Table 2: Patient reported local cutaneous reactions with DIFFERIN Gel
DIFFERIN (adapalene) Gel Vehicle Gel
N = 258 N = 134
Related* Adverse Reactions Dry Skin Skin Discomfort Desquamation 57 (22.1%)36 (14%)15 (5.8%)4 (1.6%) 6 (4.5%)2 (1.5%)0 (0%)0 (0%)

* Selected adverse reactions defined by investigator as Possibly, Probably or Definitely Related

The following adverse reactions occurred in less than 1% of subjects: acne flare, contact dermatitis, eyelid edema, conjunctivitis, erythema, pruritus, skin discoloration, rash, and eczema.

In a one-year, open-label safety trial of 551 subjects with acne who received DIFFERIN Gel, the pattern of adverse reactions was similar to the 12-week controlled study.

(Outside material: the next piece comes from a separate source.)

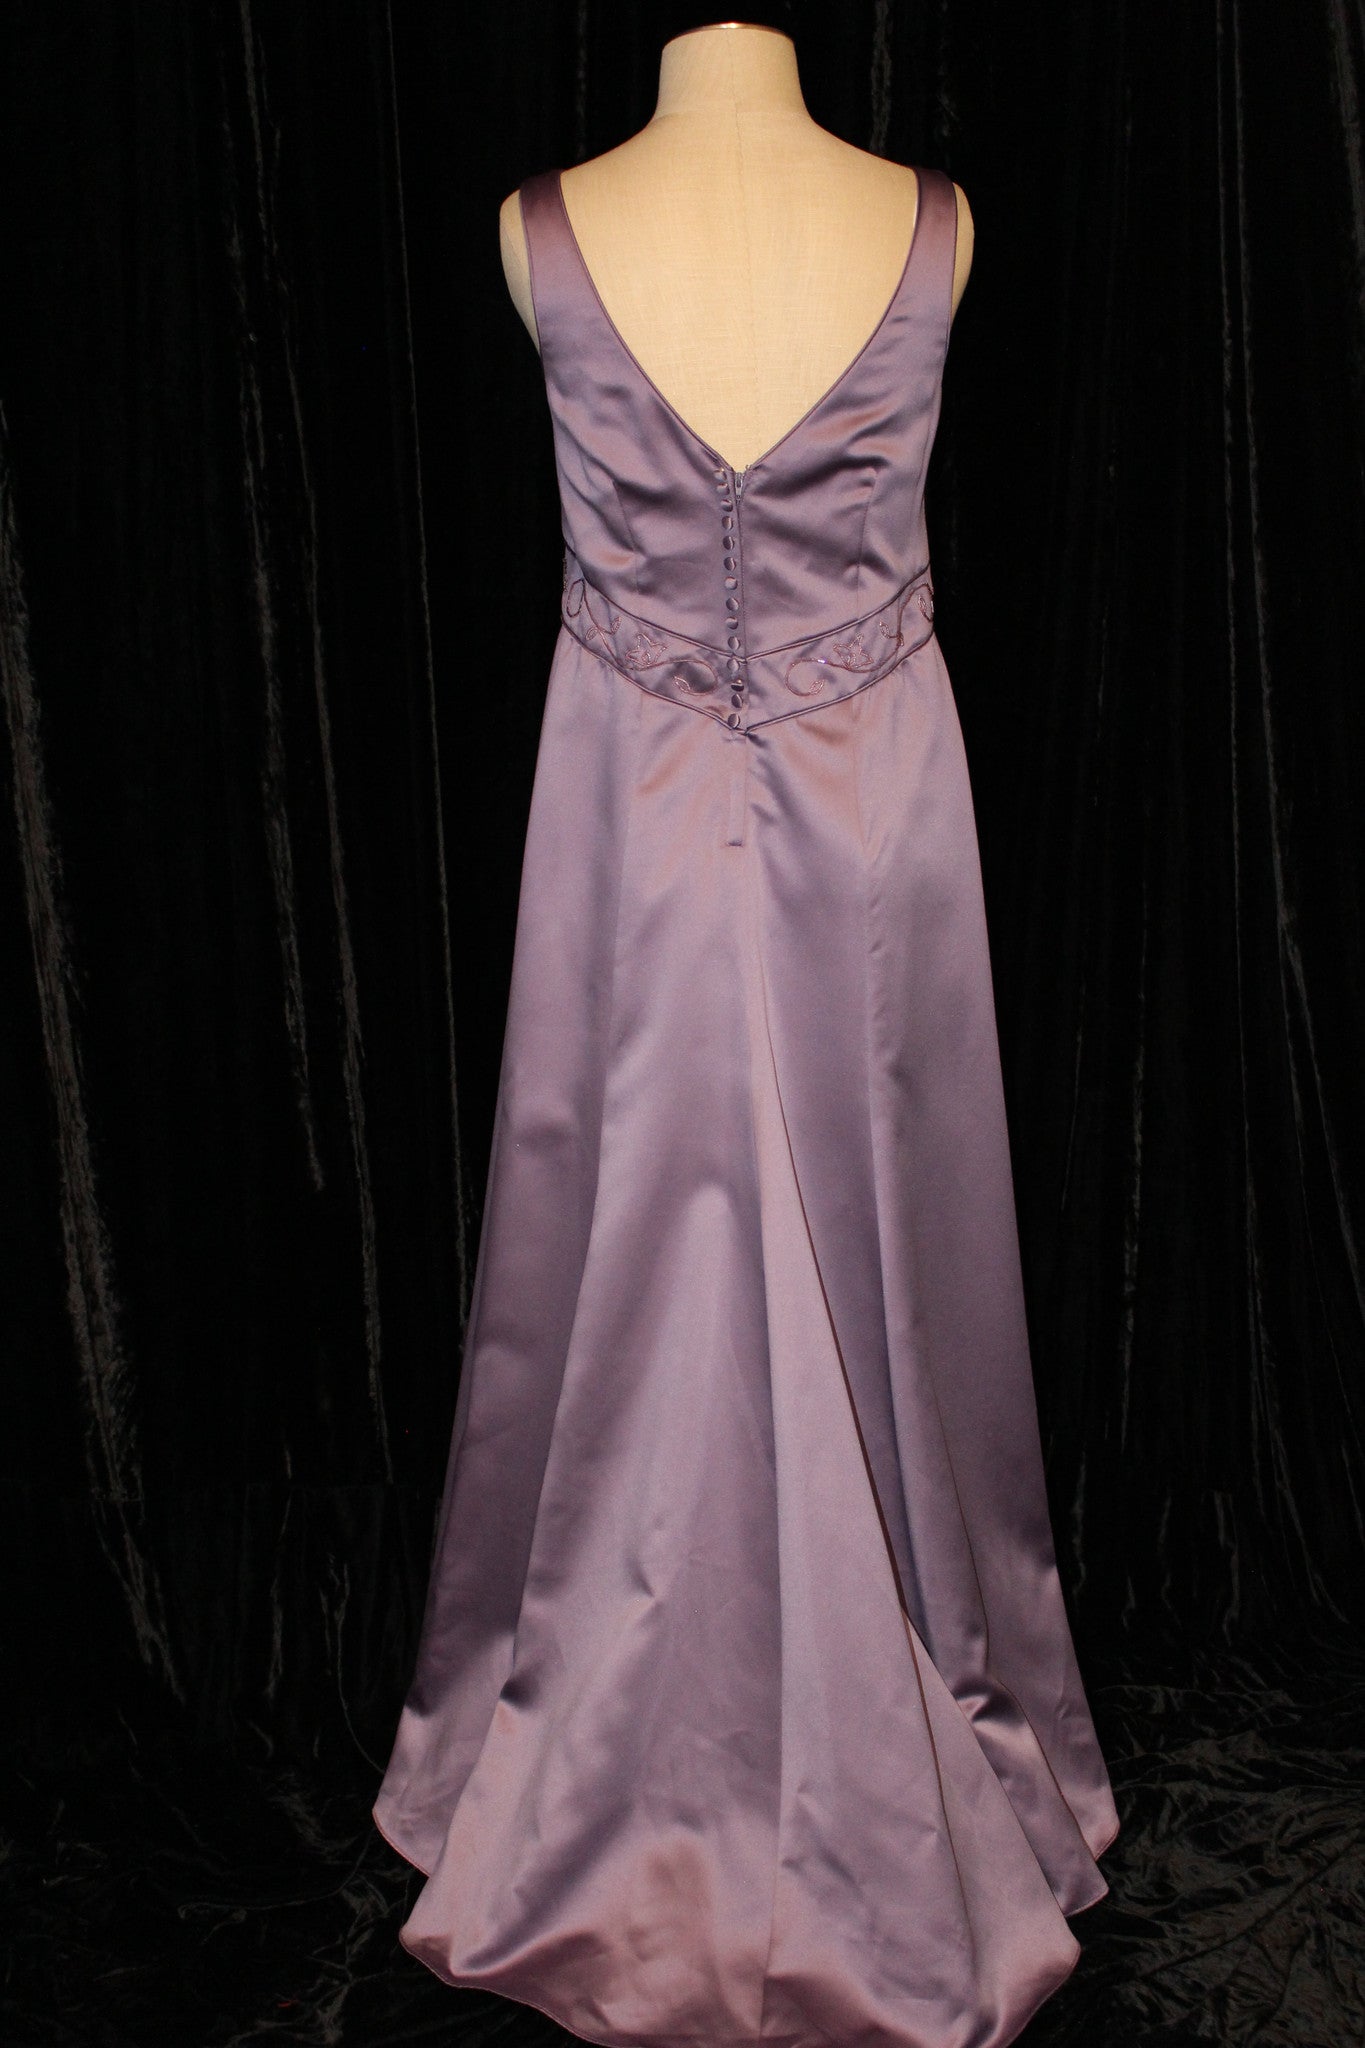 Wisteria "Michael Angelo" Gown 187
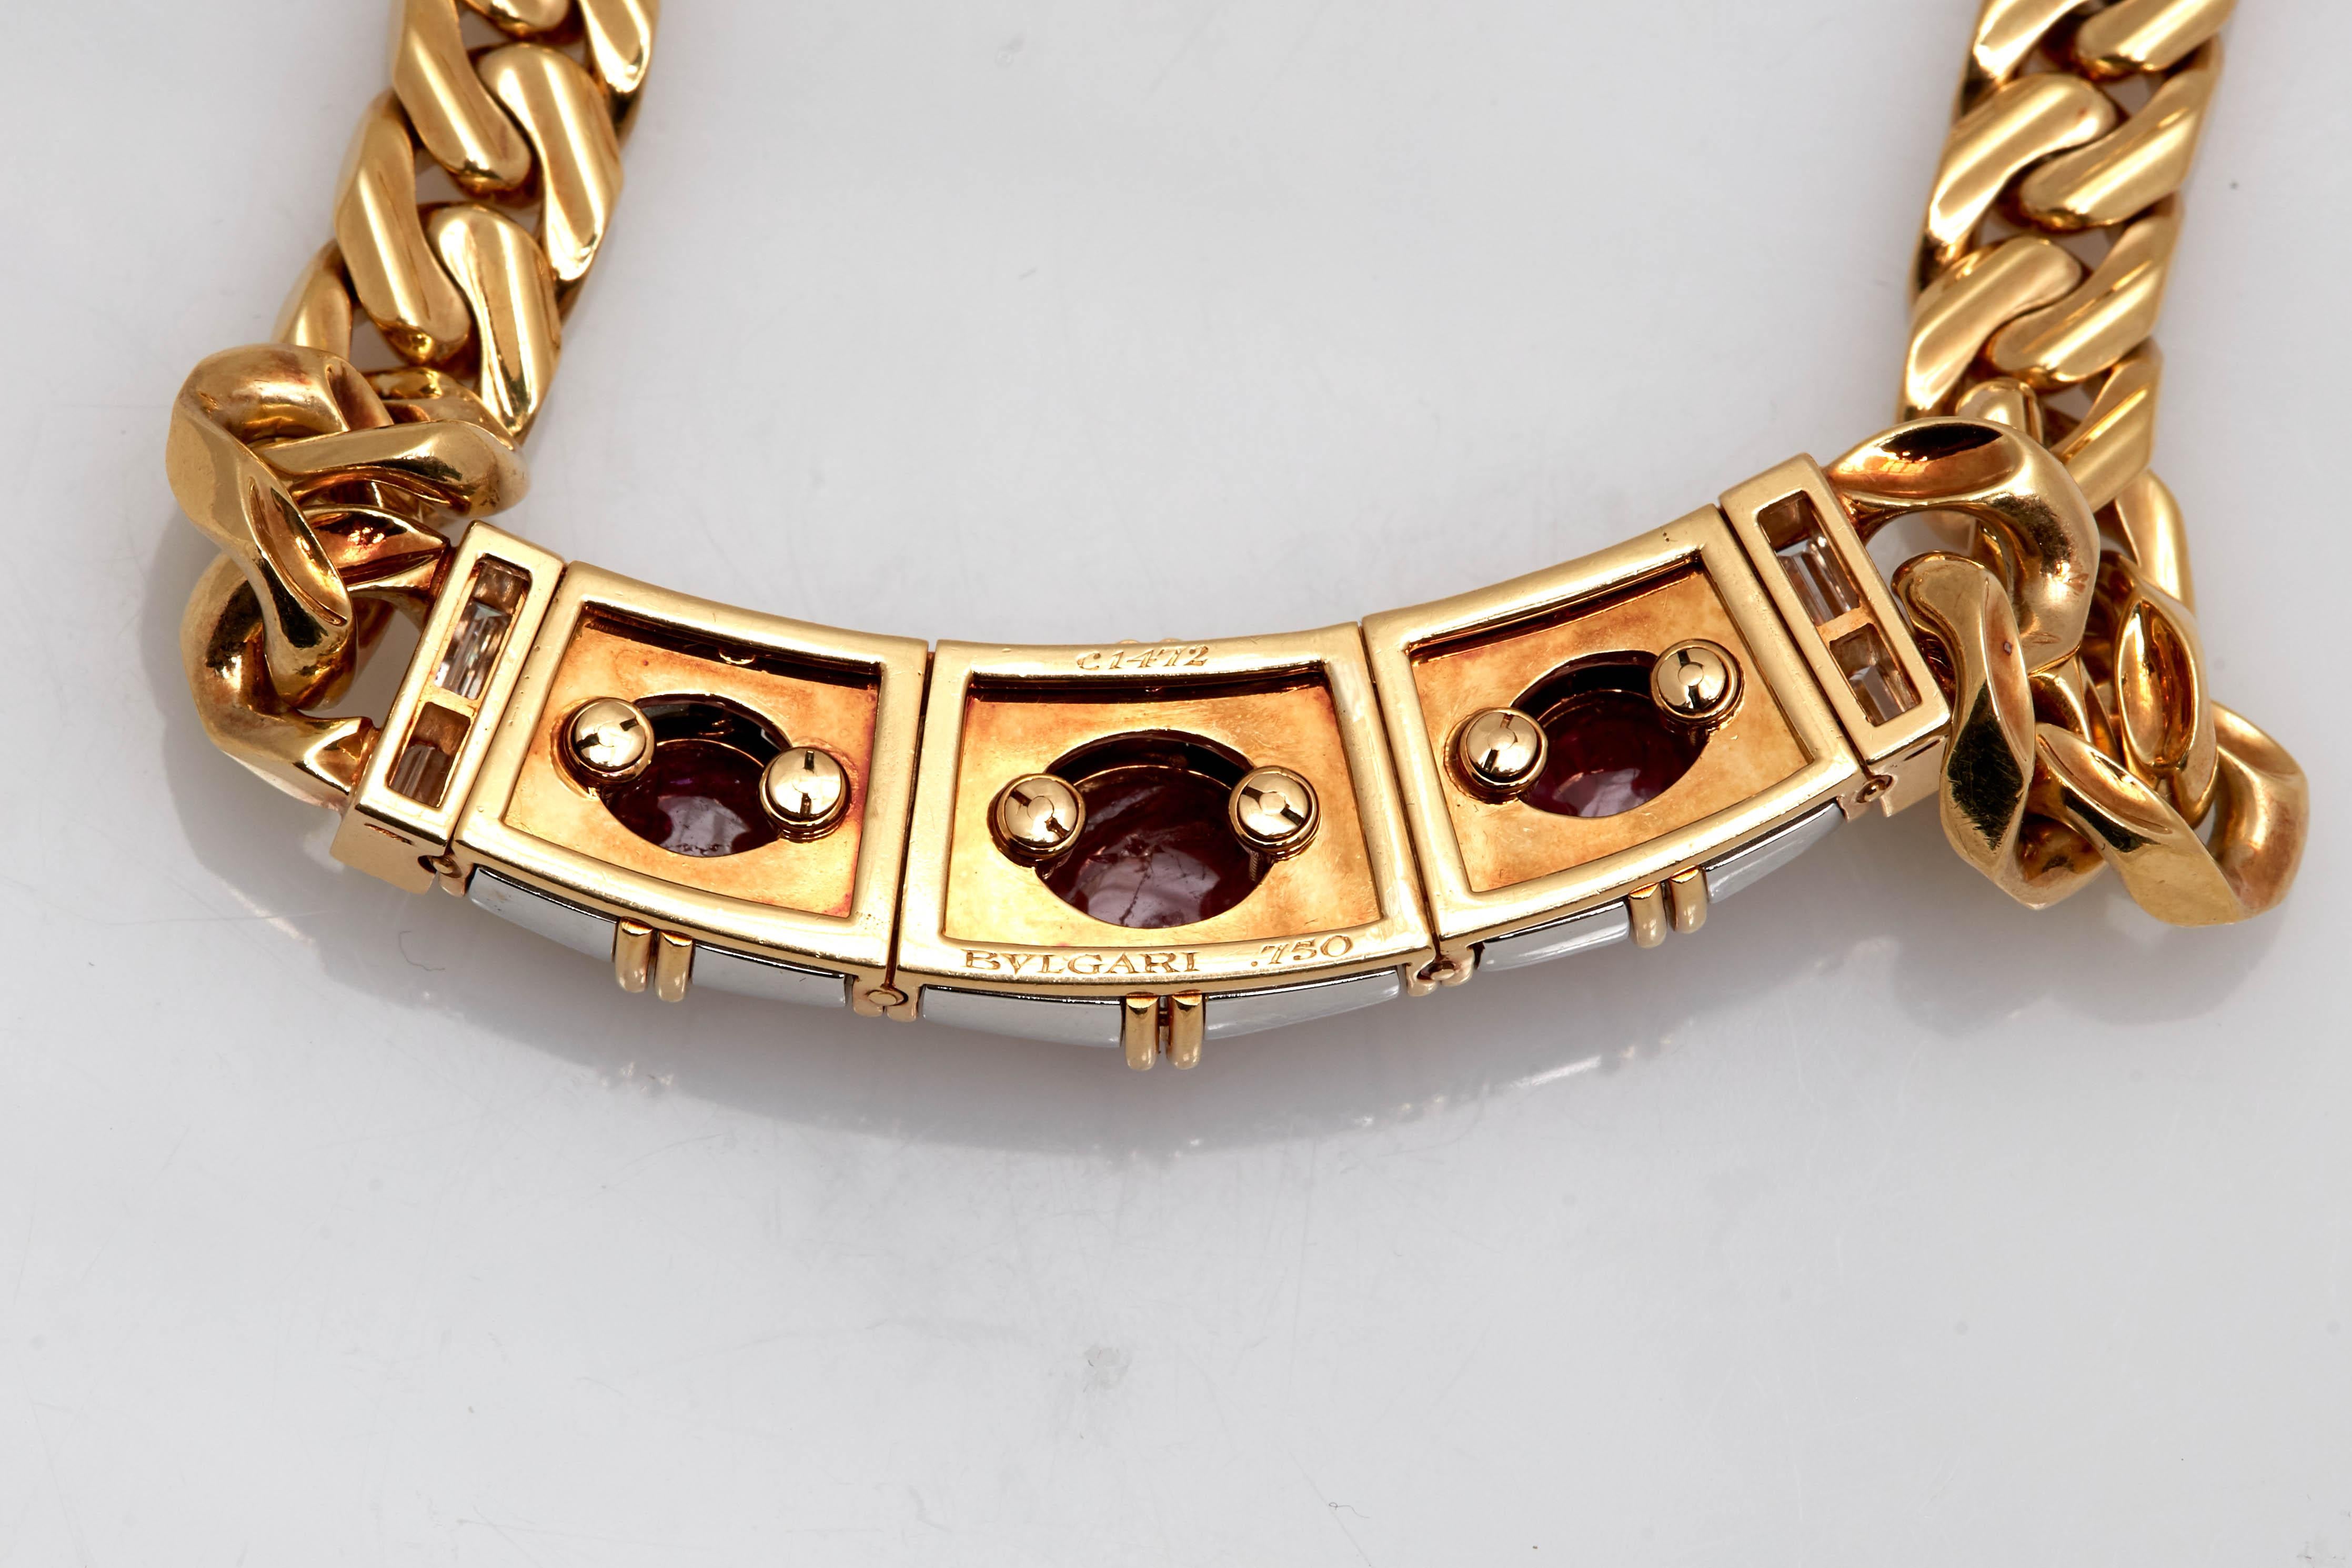 A rare Bulgari chain necklace in 18kt yellow and white gold, accented with diamonds, showcasing three natural no-heat Burma rubies (app. 9crts total). Made in Italy, circa 1970

6.2 Post-Marketing Experience

The following adverse reactions have been identified during post approval use of adapalene:

Immune system disorders: angioedema, face edema, lip swelling
Skin disorders: application site pain
Because these reactions are reported voluntarily from a population of uncertain size, it is not always possible to reliably estimate the frequency or establish a causal relationship to drug exposure.


8.1 Pregnancy

Risk Summary
Available data from clinical trials with DIFFERIN Gel use in pregnant women are insufficient to establish a drug-associated risk of major birth defects, miscarriage or other adverse maternal or fetal outcomes. In animal reproduction studies, oral administration of adapalene to pregnant rats and rabbits during organogenesis at dose exposures 40 and 81 times, respectively, the human exposure at the maximum recommended human dose (MRHD) of 2 g resulted in fetal skeletal and visceral malformations (see Data).
The background risk of major birth defects and miscarriage for the indicated population is unknown. All pregnancies have a background risk of birth defects, loss, or other adverse outcomes. In the U.S. general population the estimated background risk of major birth defects and miscarriage in clinically recognized pregnancies are 2 to 4% and 15 to 20%, respectively.


Animal Data
No malformations were observed in rats treated with oral adapalene doses of 0.15 to 5.0 mg/kg/day, up to 8 times the MRHD based on a mg/m² comparison. However, malformations were observed in rats and rabbits when treated with oral doses of ≥ 25 mg/kg/day adapalene (40 and 81 times the MRHD, respectively, based on a mg/m² comparison). Findings included cleft palate, microphthalmia, encephalocele, and skeletal abnormalities in rats and umbilical hernia, exophthalmos, and kidney and skeletal abnormalities in rabbits.

Dermal adapalene embryofetal development studies in rats and rabbits at doses up to 6.0 mg/kg/day (9.7 and 19.5 times the MRHD, respectively, based on a mg/m2 comparison) exhibited no fetotoxicity and only minimal increases in skeletal variations (supernumerary ribs in both species and delayed ossification in rabbits).